Скошенное поле - [148]
— Черт возьми, я и сам знаю, что приказ! — И, опять подтянув брюки, он подошел к столу и стал отсчитывать десятки.
Байкич не счел нужным протестовать… Всю сумму на путевые расходы он получил грязными и разбухшими десятками.
Уф! Наконец-то он был на улице, один. Над густой толпой людей, вышедших на вечернюю прогулку, где-то в глубине улицы Князя Михаила мягко светились спокойным голубым светом две-три неоновые рекламы. На одной было написано «Колумбия», на другой — «Аптекарские товары». Под ними толкалась публика, жаждавшая развлечений, отдыха и любви. Вечернее гулянье! Глупые шуточки — вечно одни и те же в устах одних и тех же претенциозных безусых юнцов. Все тот же обманчивый блеск столичных витрин на старых домах. Все те же нежные молодые девушки с мечтой о Голливуде в ясных глазах. И все те же старички, с пальцами, унизанными перстнями, в белых гамашах и с цветком в петлице, которые печально греются возле чужой молодости. Байкич дотронулся до кармана с револьвером, до кармана с деньгами, и внезапно нахлынувшая на него тоска по Александре, по прогулкам вдвоем исчезла. Он сдвинул шляпу на правый бок и отдался течению людского потока, который его подхватил и понес.

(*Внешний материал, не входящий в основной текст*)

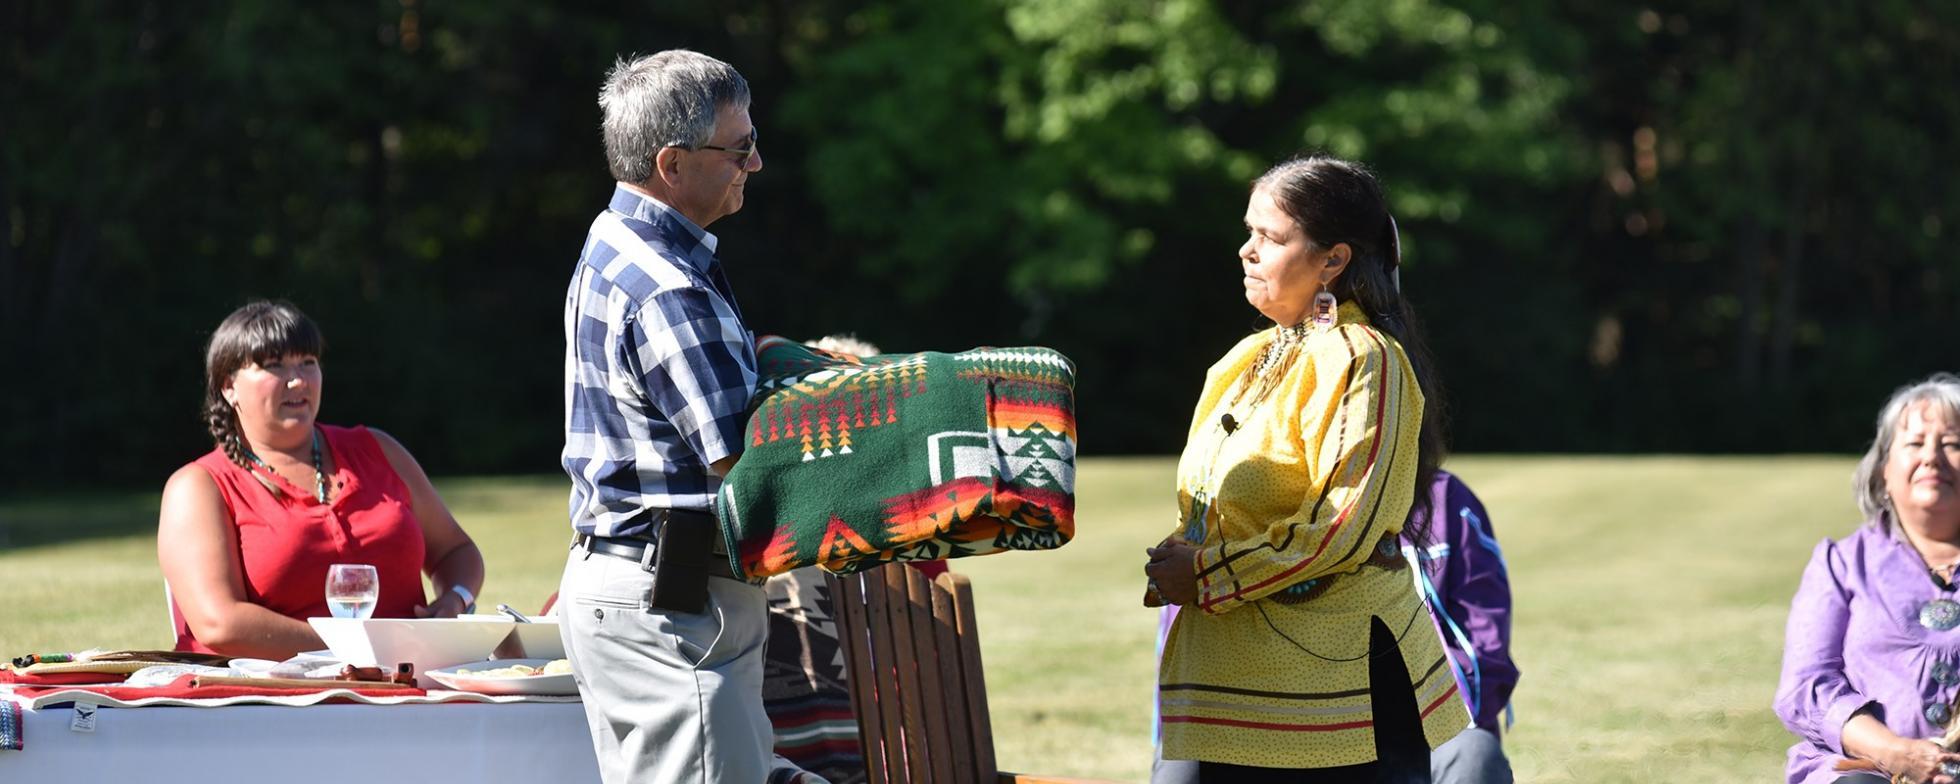 EN: A man is presenting a woman with a patterned blanket FR: Un homme présente une femme avec une couverture à motifs

— Это ты хорошо сделал, — одобрил после минутного молчания Майсторович, — здорово! Немного контроля за ним не повредит, чтобы мы знали, а? На всякий случай, если у нас дело запутается.
Он был в духе. Но вдруг, вспомнив что-то, нахмурился.
— А то… ты еще не устроил? Мне не хотелось бы объясняться после того, как родится ребенок. Тогда обходится дороже.
— Ах, не беспокойтесь! Раз уж я берусь за что-нибудь… — Бурмаз улыбнулся. — Я могу рассчитывать на те двадцать тысяч?
Майсторович несколько остыл.
— Двадцать? Разве речь шла о двадцати? Увидим… напомни мне.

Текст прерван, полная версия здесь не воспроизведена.